A discrete parasubthalamic nucleus subpopulation plays a critical role in appetite suppression
- Department of Biology, Williams College, United States
- Department of Physics, Williams College, United States
- Diabetes, Endocrinology, and Obesity Branch, National Institute of Diabetes and Digestive and Kidney Diseases, United States
Figures
Figure 1
PSTN neurons project to anorexigenic PBNCGRP neurons and are activated by refeeding.

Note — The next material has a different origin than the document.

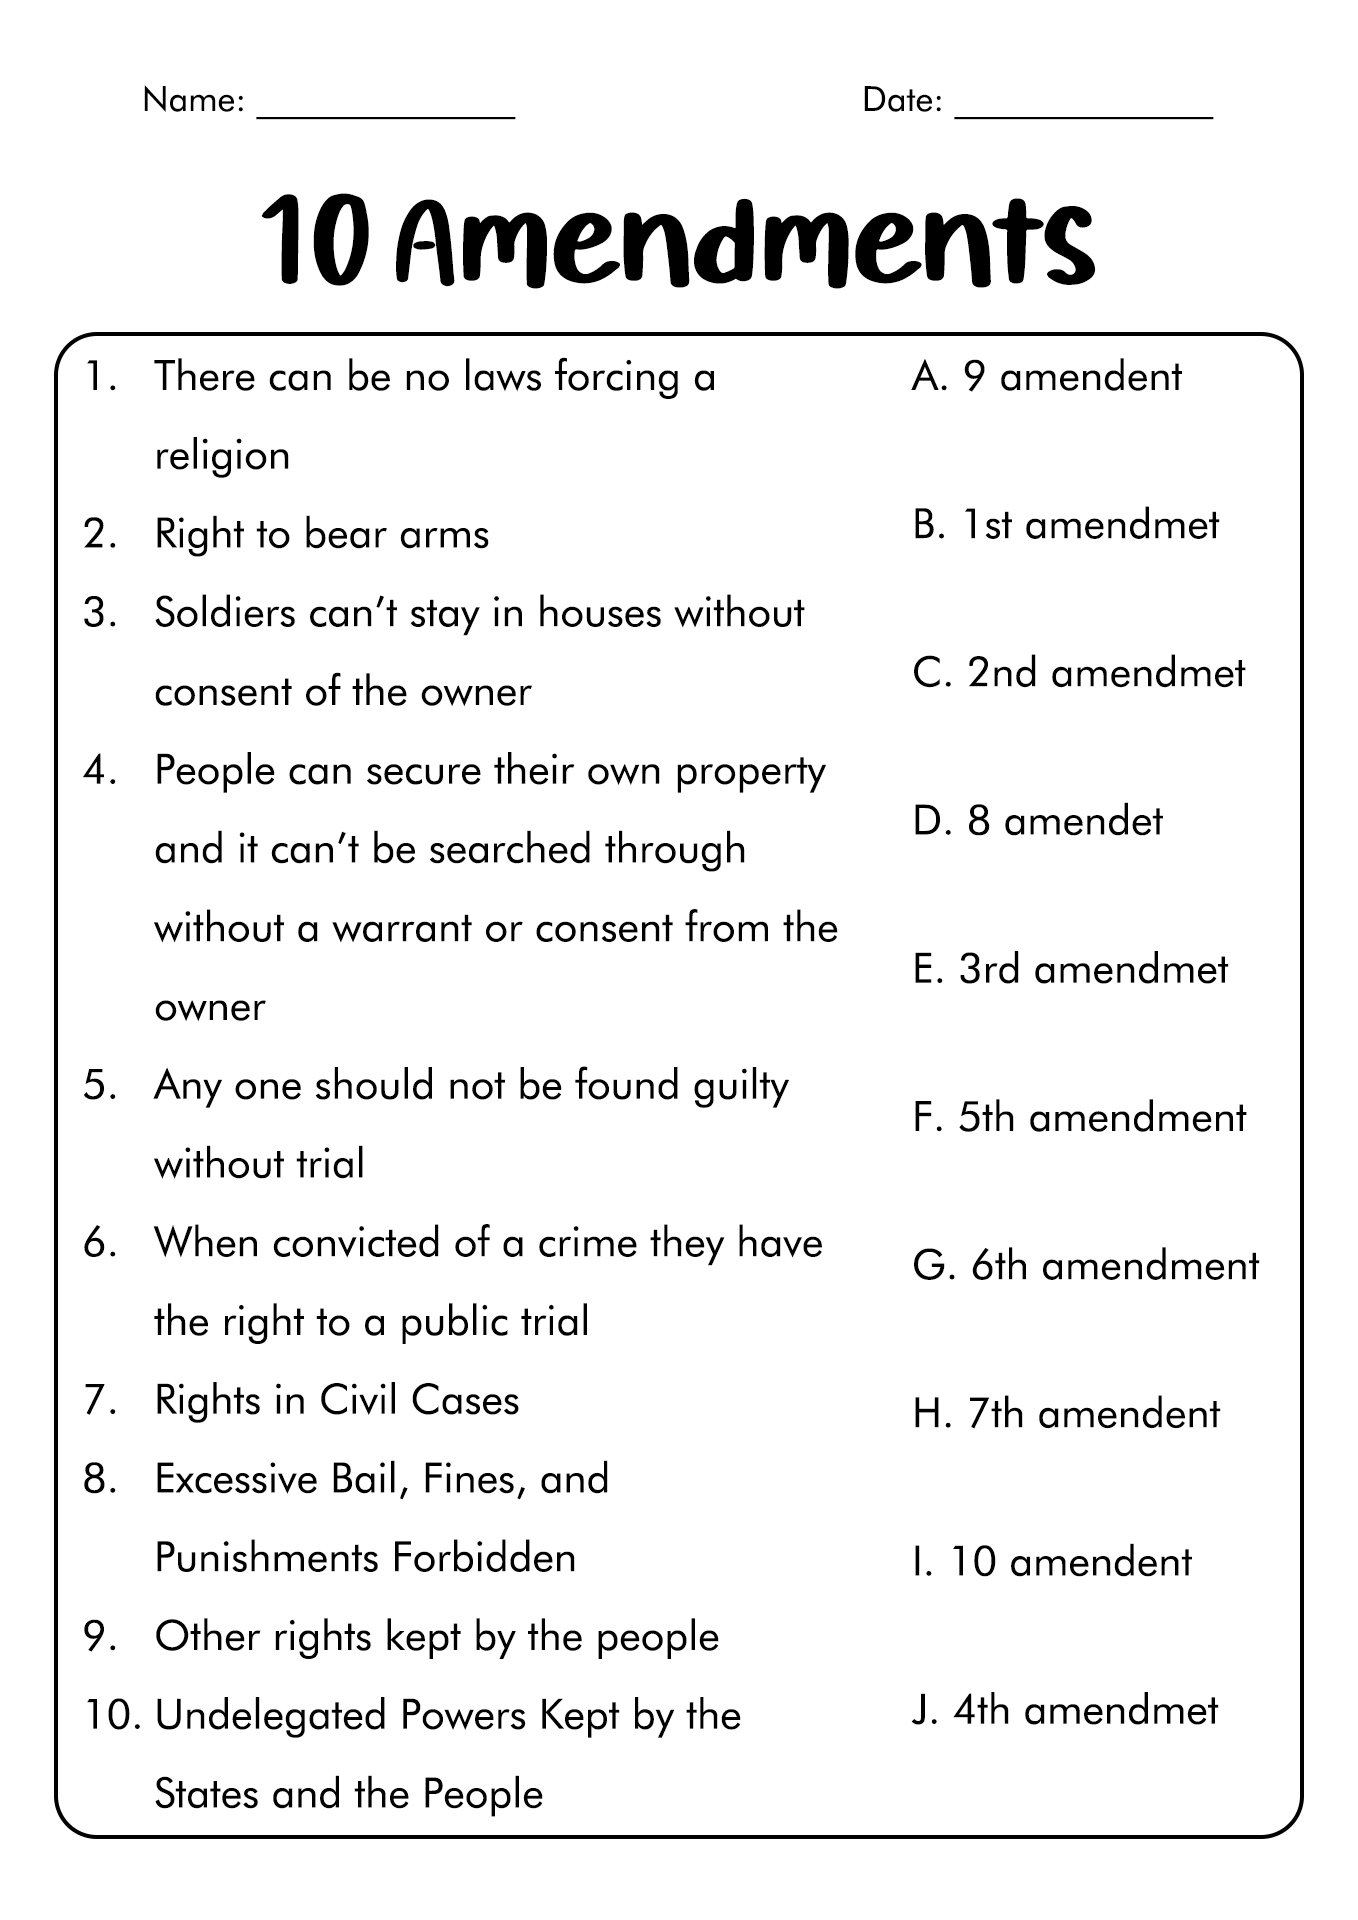 Bill of Rights Ten Amendments Image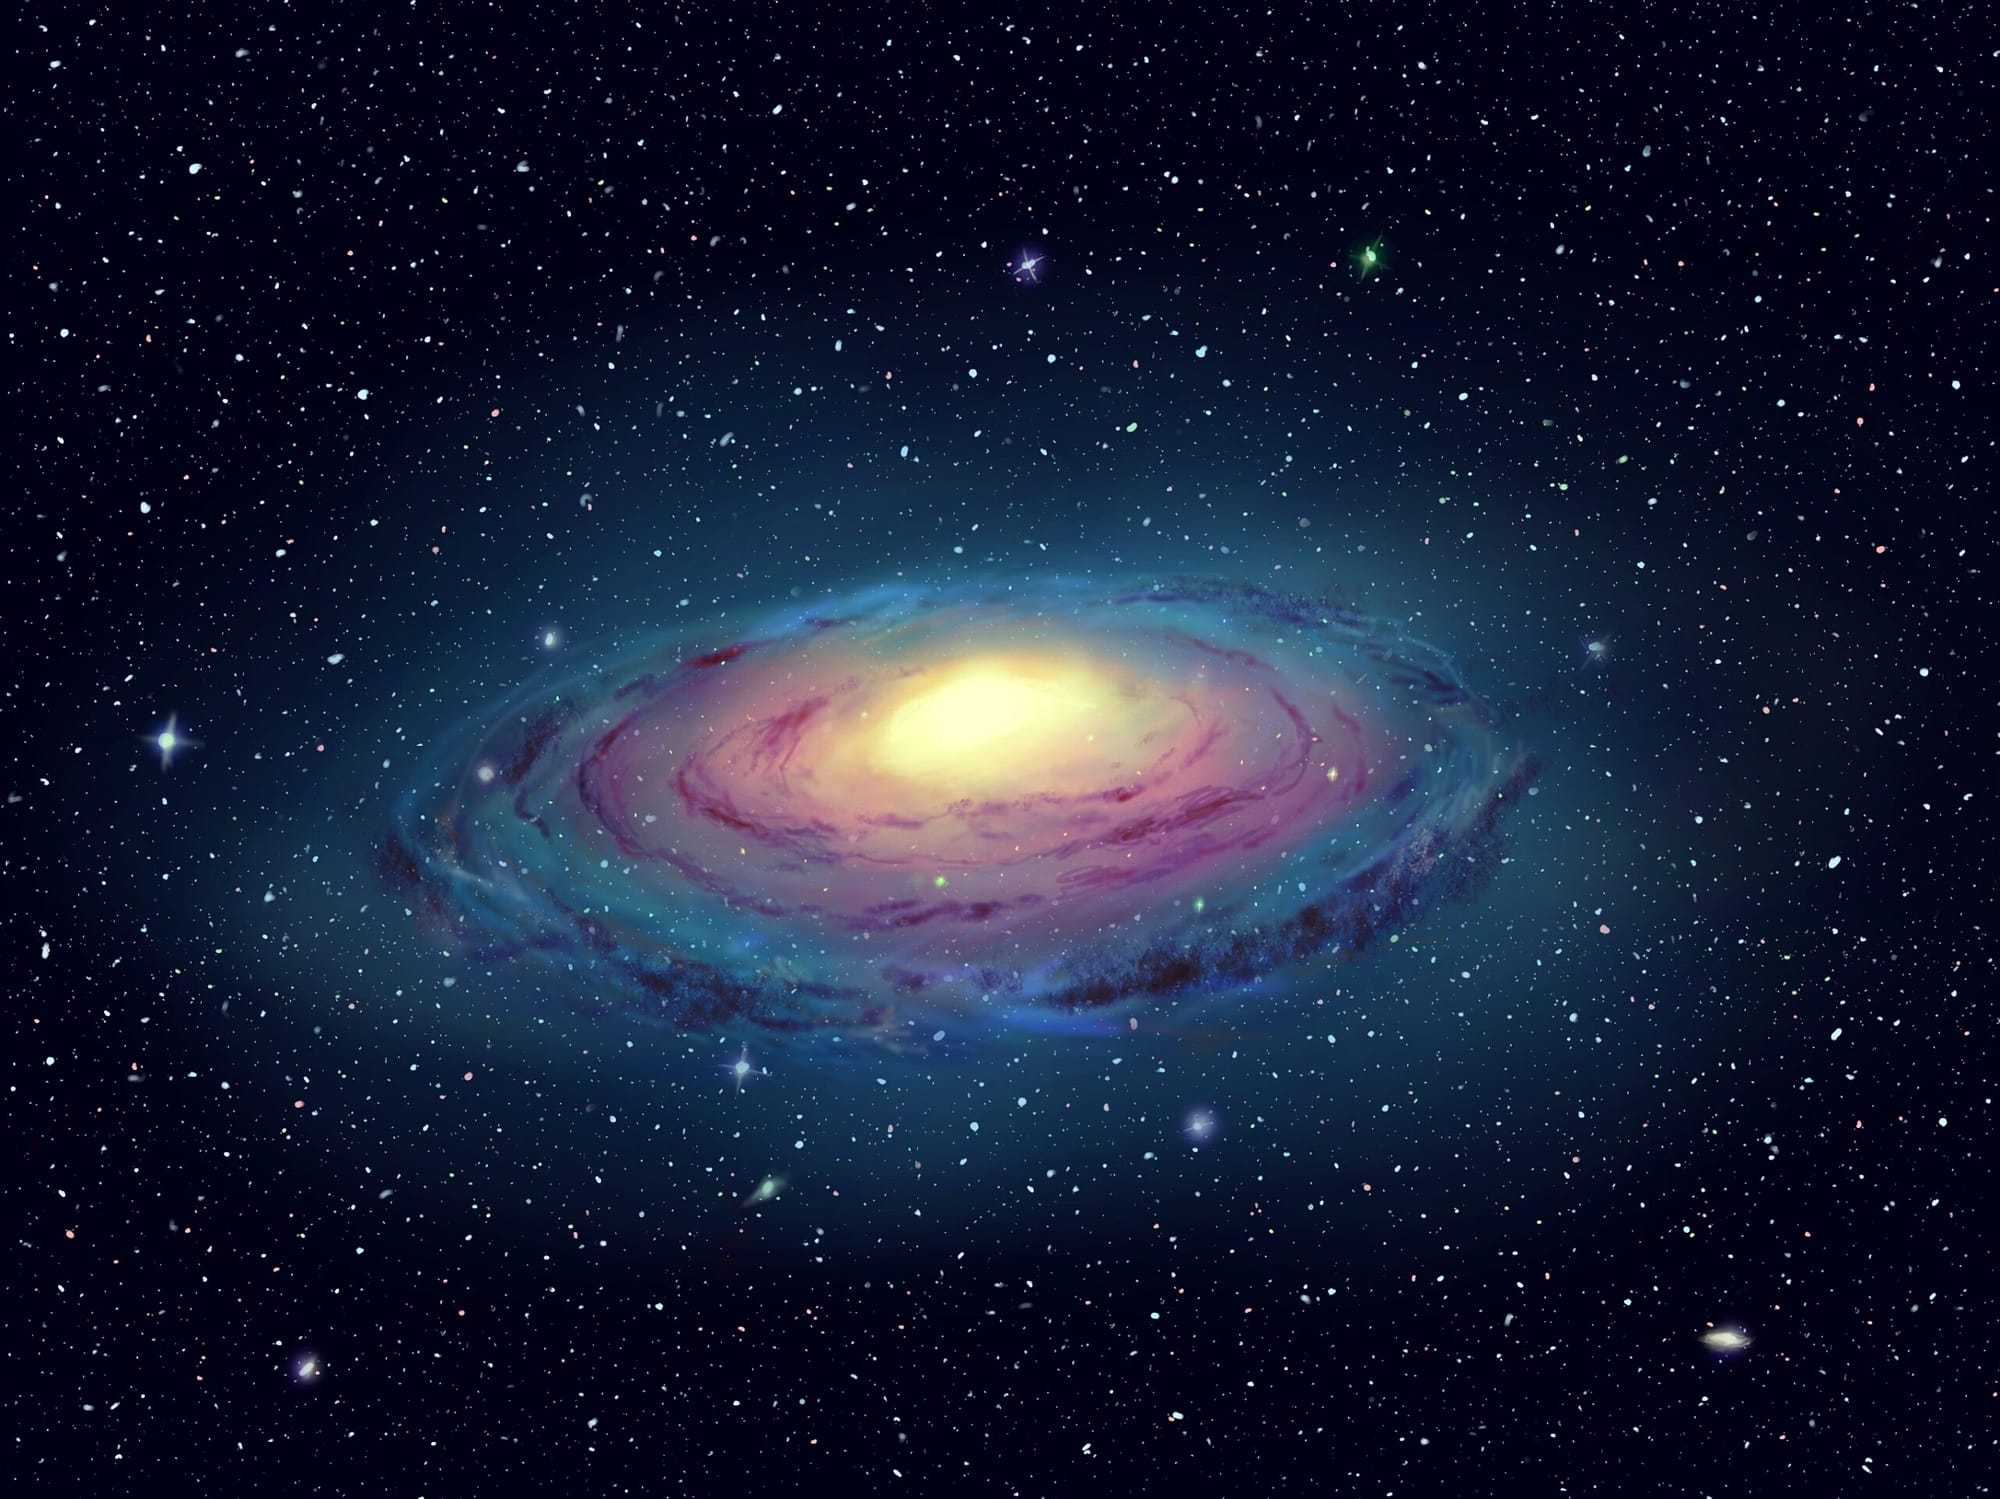 Galaxy design - Artwork - Digital artwork of a brightly-lit galaxy

(A) Modified rabies viral strategy used to identify afferent input to PBNCGRP neurons. (B) Confirmation of modified rabies virus reporter transgenes in PBNCGRP neurons. Experiments repeated in N=6 mice. Scale bar, 250 µm. (C) Sagittal mouse brain diagram showing locations of retrograde eGFP expression in (D–H). (D–H) eGFP-expressing neurons in (D) the bed nucleus of the stria terminalis (BNST); (E) the central nucleus of the amygdala (CeA); (F) the hypothalamic arcuate nucleus (Arc); (G) the parasubthalamic nucleus (PSTN); and (H) the nucleus of the solitary tract (NTS). Scale bar, 250 µm. (I) Coronal mouse brain diagram depicting the bilateral location of the PSTN medial to the cerebral peduncle (cp). Blue arrows point to the location of the PSTN. (J) Immunolabelling of Fos expression following 18 hr food deprivation. Scale bar, 500 µm. (K) Immunolabelling of Fos expression following 18 hr food deprivation followed by 30 min refeeding. Right, higher magnification image.
Figure 2
Characterization of PSTN cell types.
(A) In situ hybridization images of selected mRNA transcripts from the Allen Mouse Brain Expression Atlas. cp, cerebral peduncle. Scale bar, 500 µm. (B) Two-color fluorescent in situ hybridization shows near distinct expression of Tac1 and Crh in PSTN neurons. Right, higher magnification image. Scale bar, 200 µm. (C) Quantification of overlap between PSTNTac1 and PSTNCRH neurons. N=4 mice. (D–K) Three-color fluorescent in situ hybridization comparing spatial overlap between neurons expressing Tac1 and Crh with (D,E) Slc17a6; (F,G) Calb1; (H,I) Calb2; and (J,K) Pvalb. Insets show higher magnification images from middle column. Data at right represent mean ± standard deviation. Dots represent individual experimental animals; N=4 mice. Scale bar, 100 µm.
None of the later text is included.